REQUIREMENT. Copy out the records in full, word for word, without pictures.

[Data extracted from a collection]
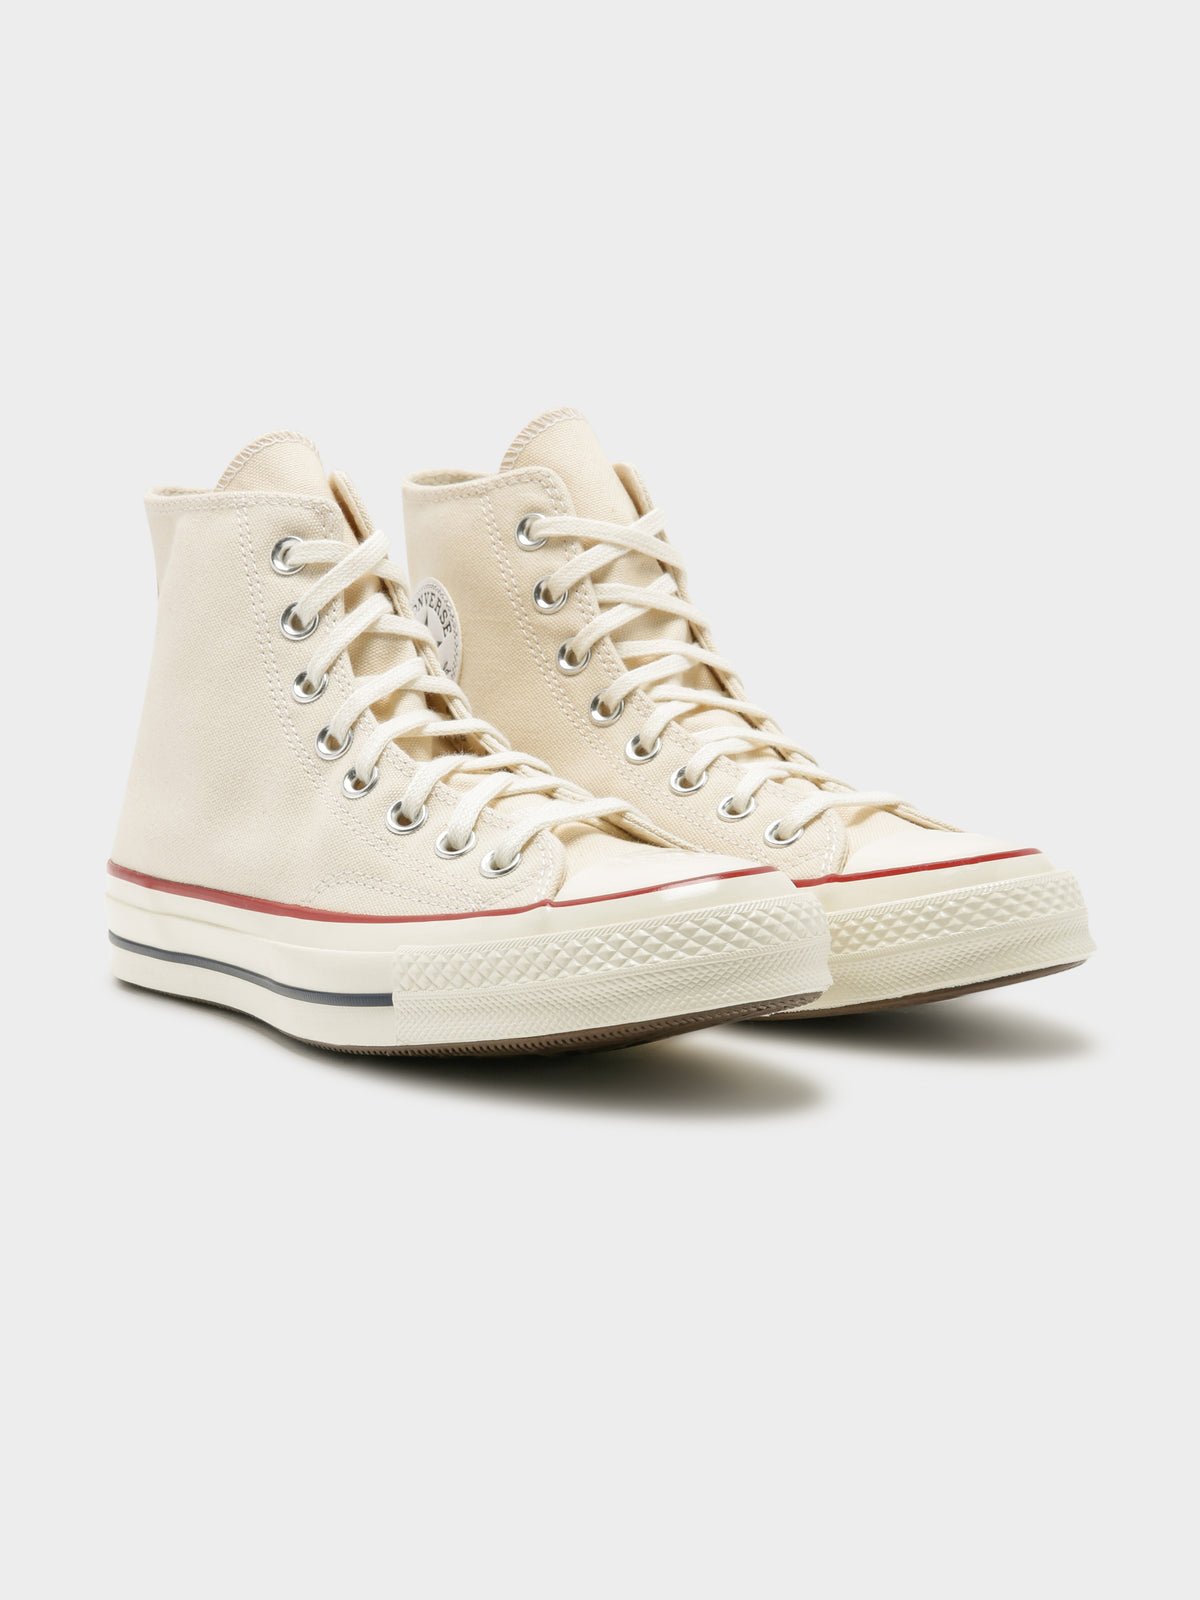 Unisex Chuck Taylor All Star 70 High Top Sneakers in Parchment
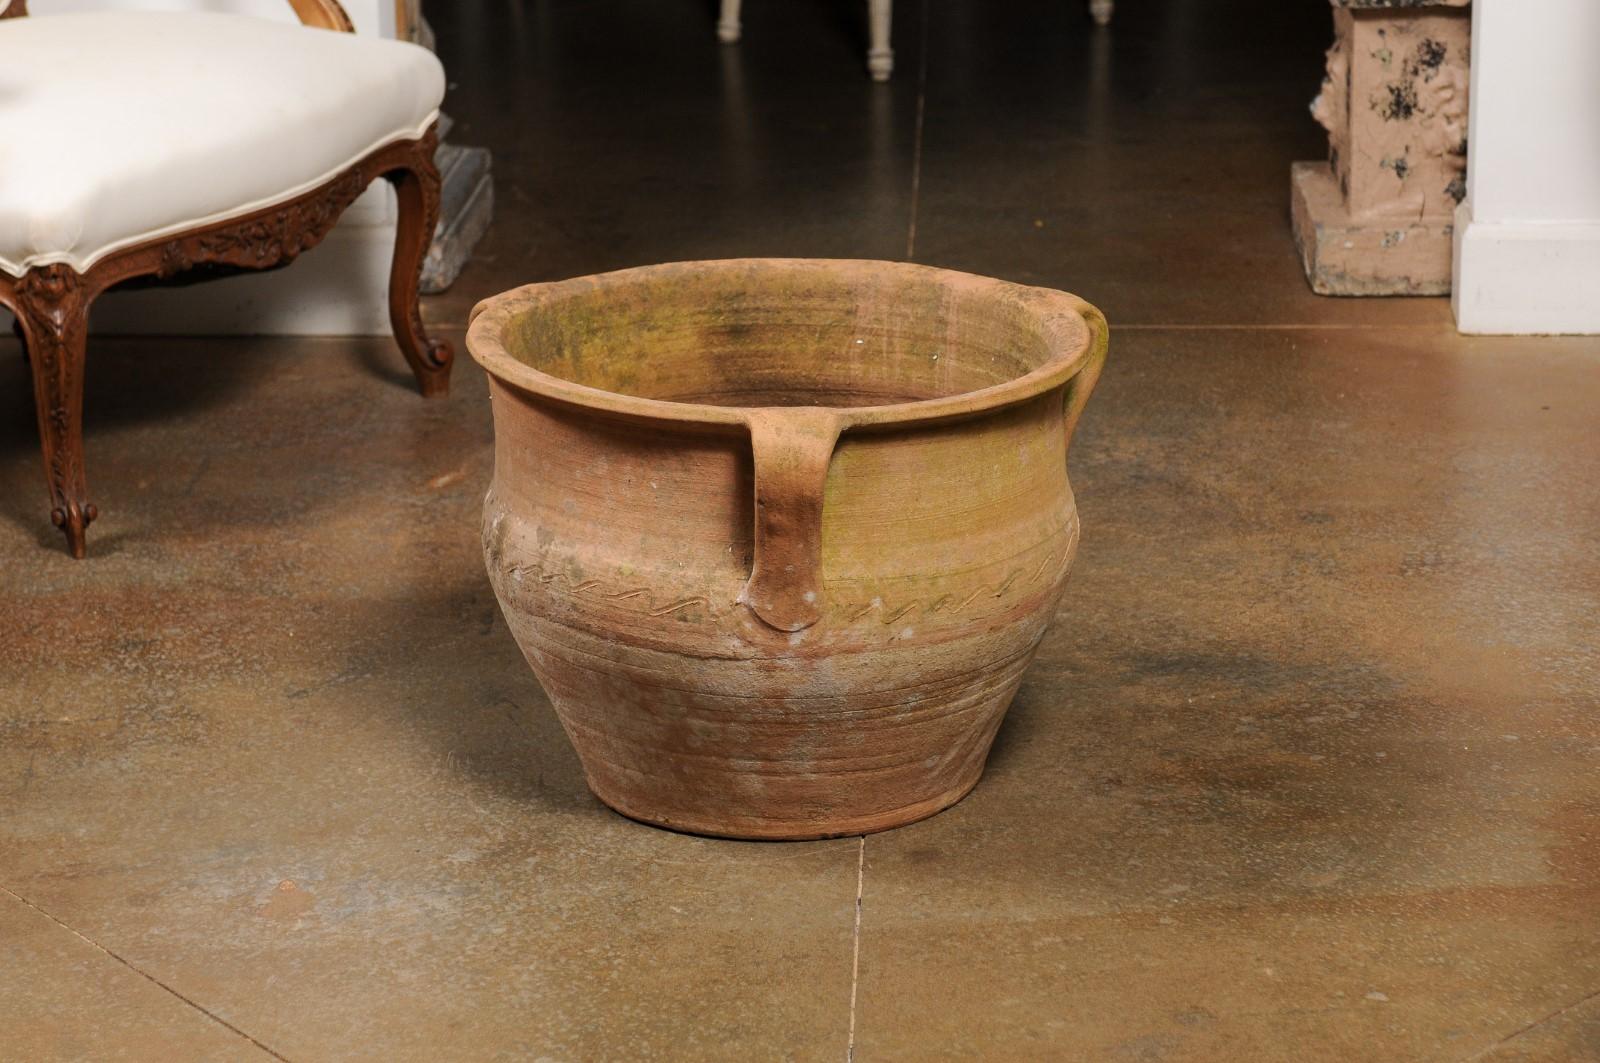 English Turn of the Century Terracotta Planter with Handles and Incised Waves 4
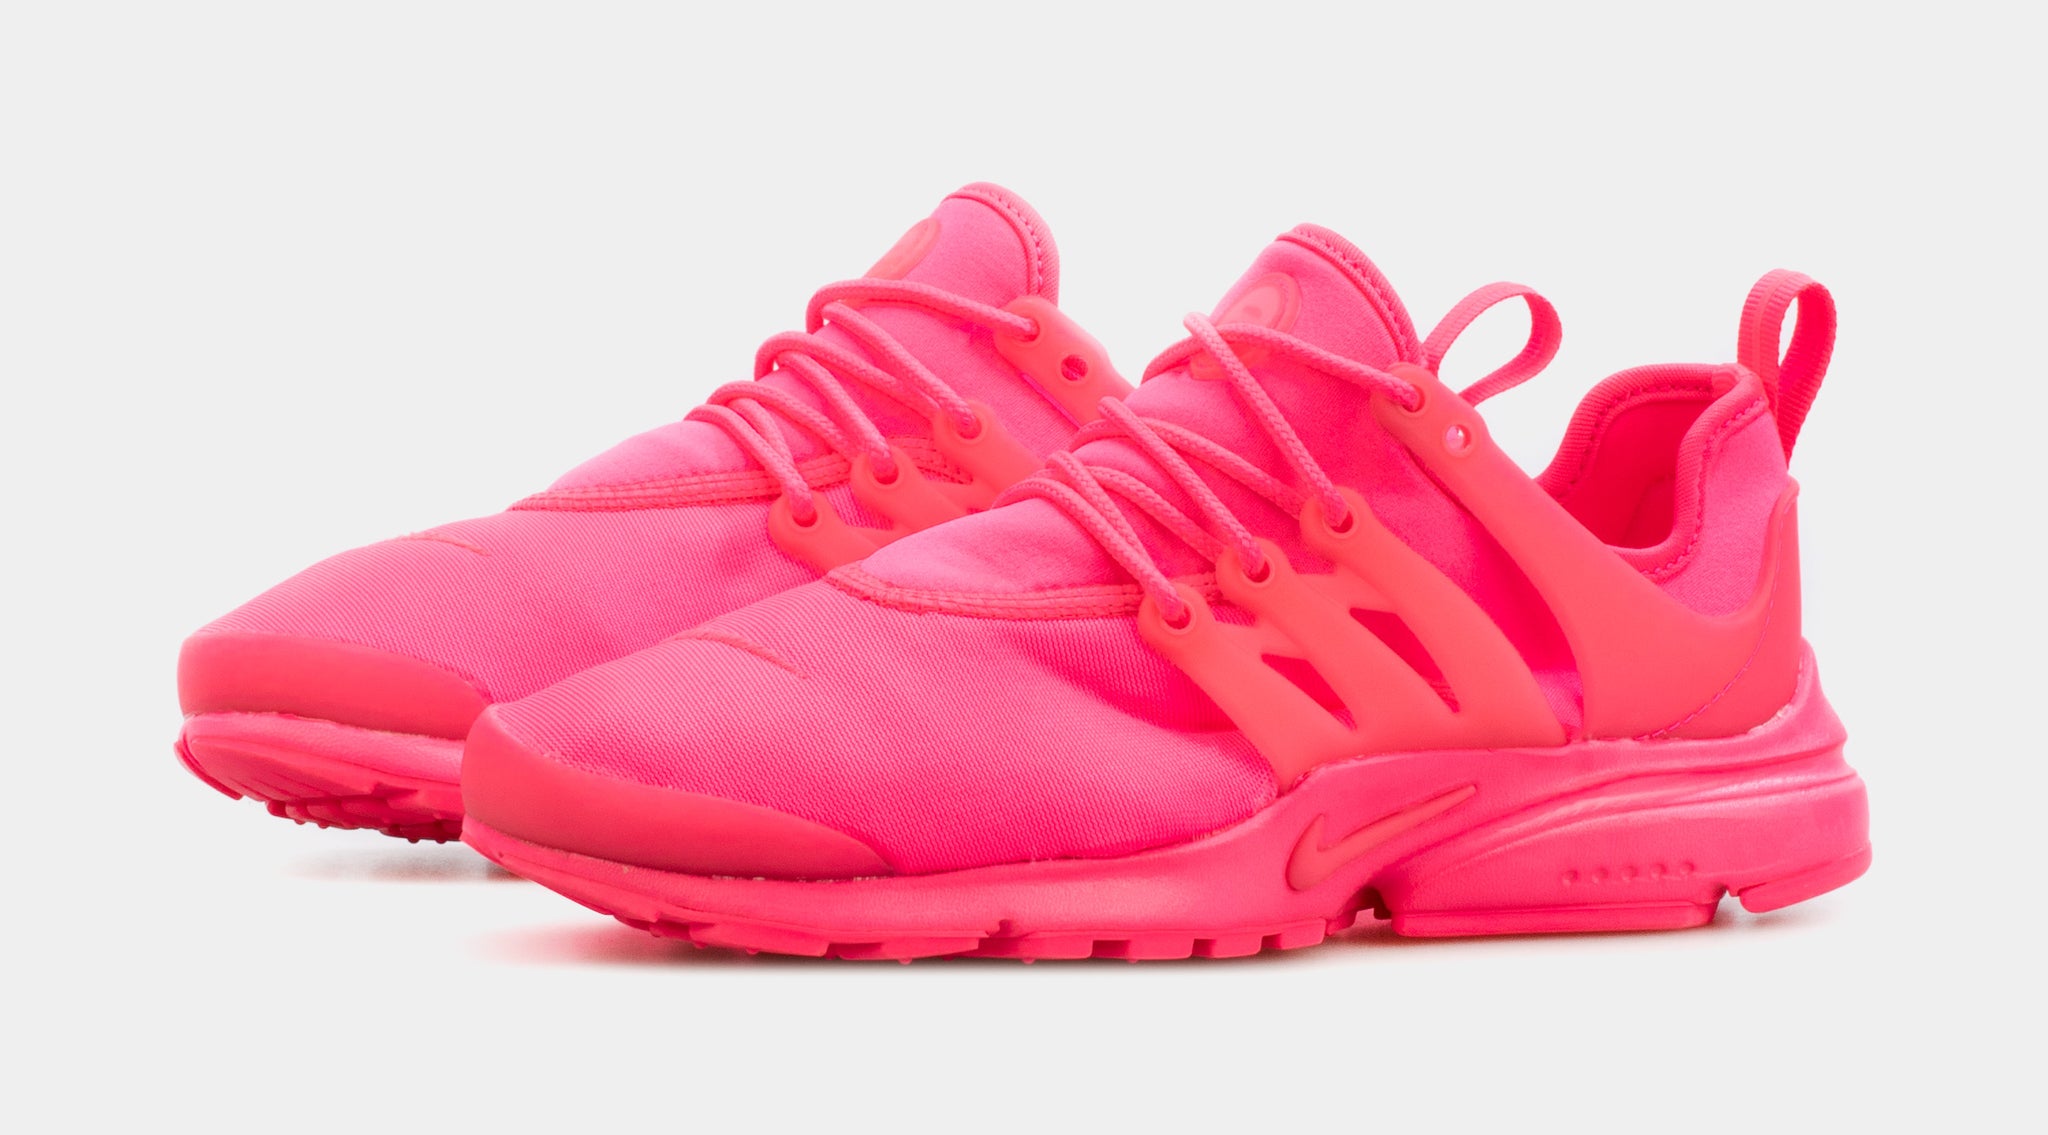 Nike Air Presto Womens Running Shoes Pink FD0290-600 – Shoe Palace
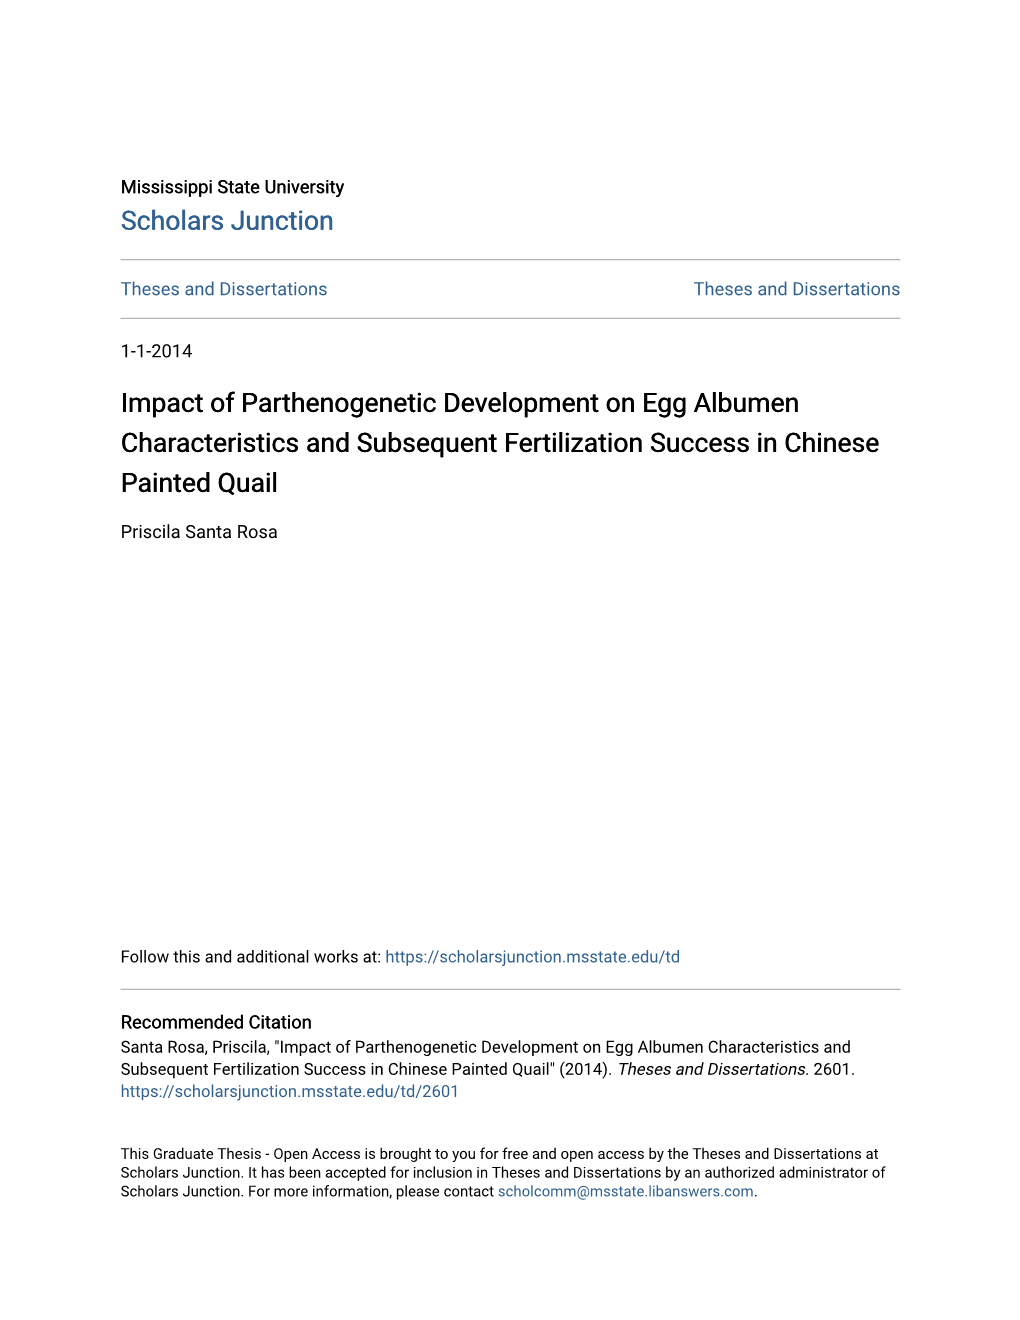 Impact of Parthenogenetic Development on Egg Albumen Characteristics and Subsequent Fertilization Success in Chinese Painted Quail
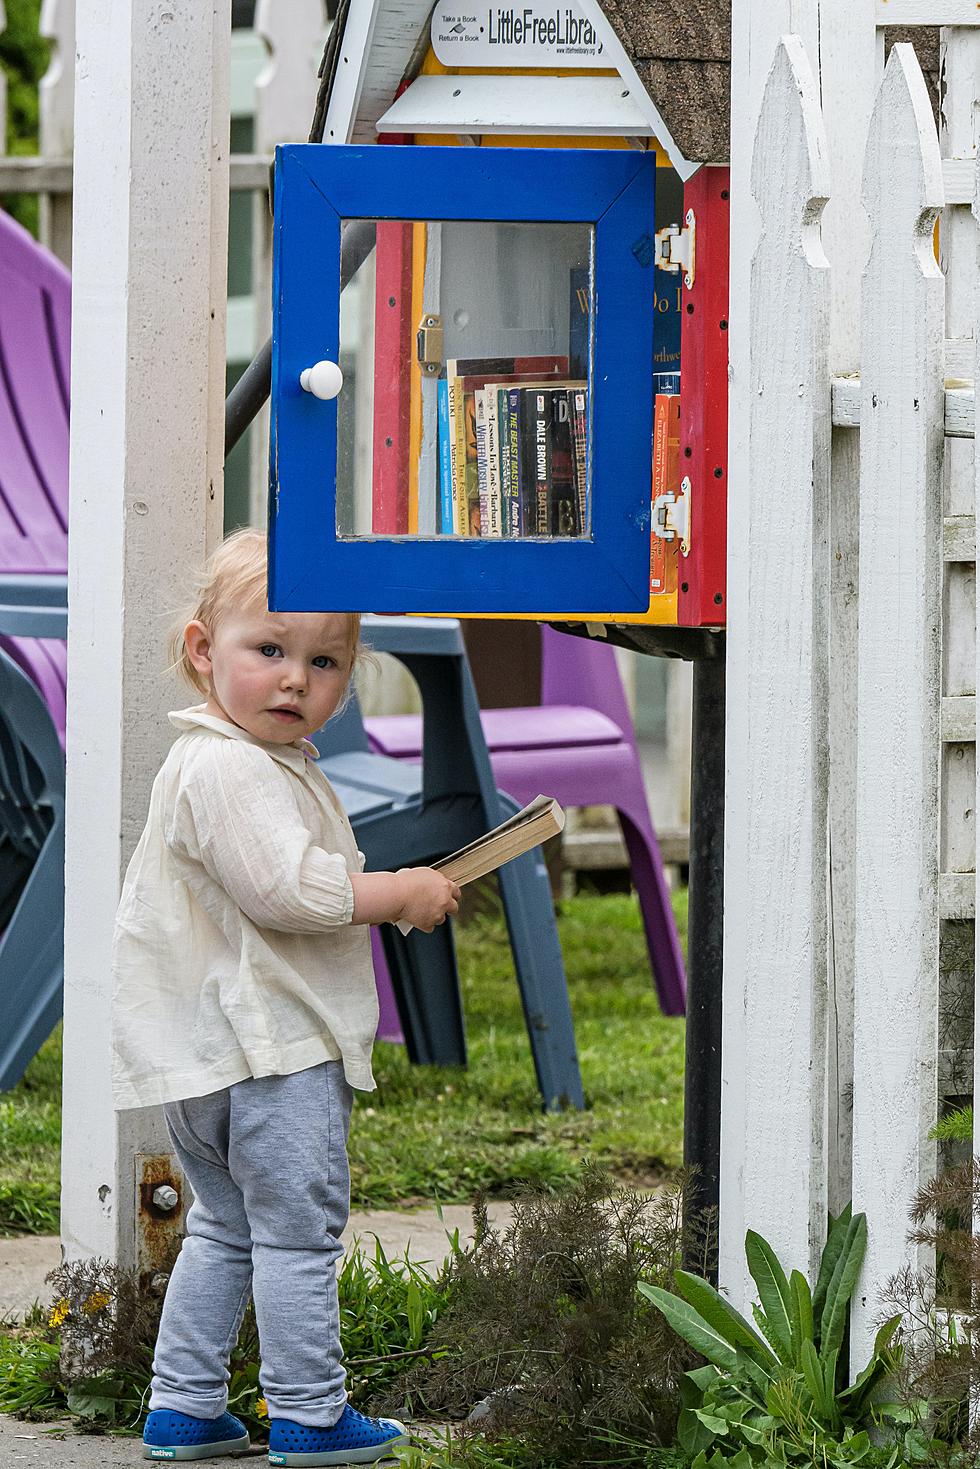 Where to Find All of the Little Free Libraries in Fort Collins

WRITTEN RESPONSE.
 Unisex Chuck Taylor All Star 70 High Top Sneakers in Parchment
 English Turn of the Century Terracotta Planter with Handles and Incised Waves 4
 Nike Air Presto Womens Running Shoes Pink FD0290-600 – Shoe Palace
 Impact of Parthenogenetic Development on Egg Albumen Characteristics and Subsequent Fertilization Success in Chinese Painted Quail
 Where to Find All of the Little Free Libraries in Fort Collins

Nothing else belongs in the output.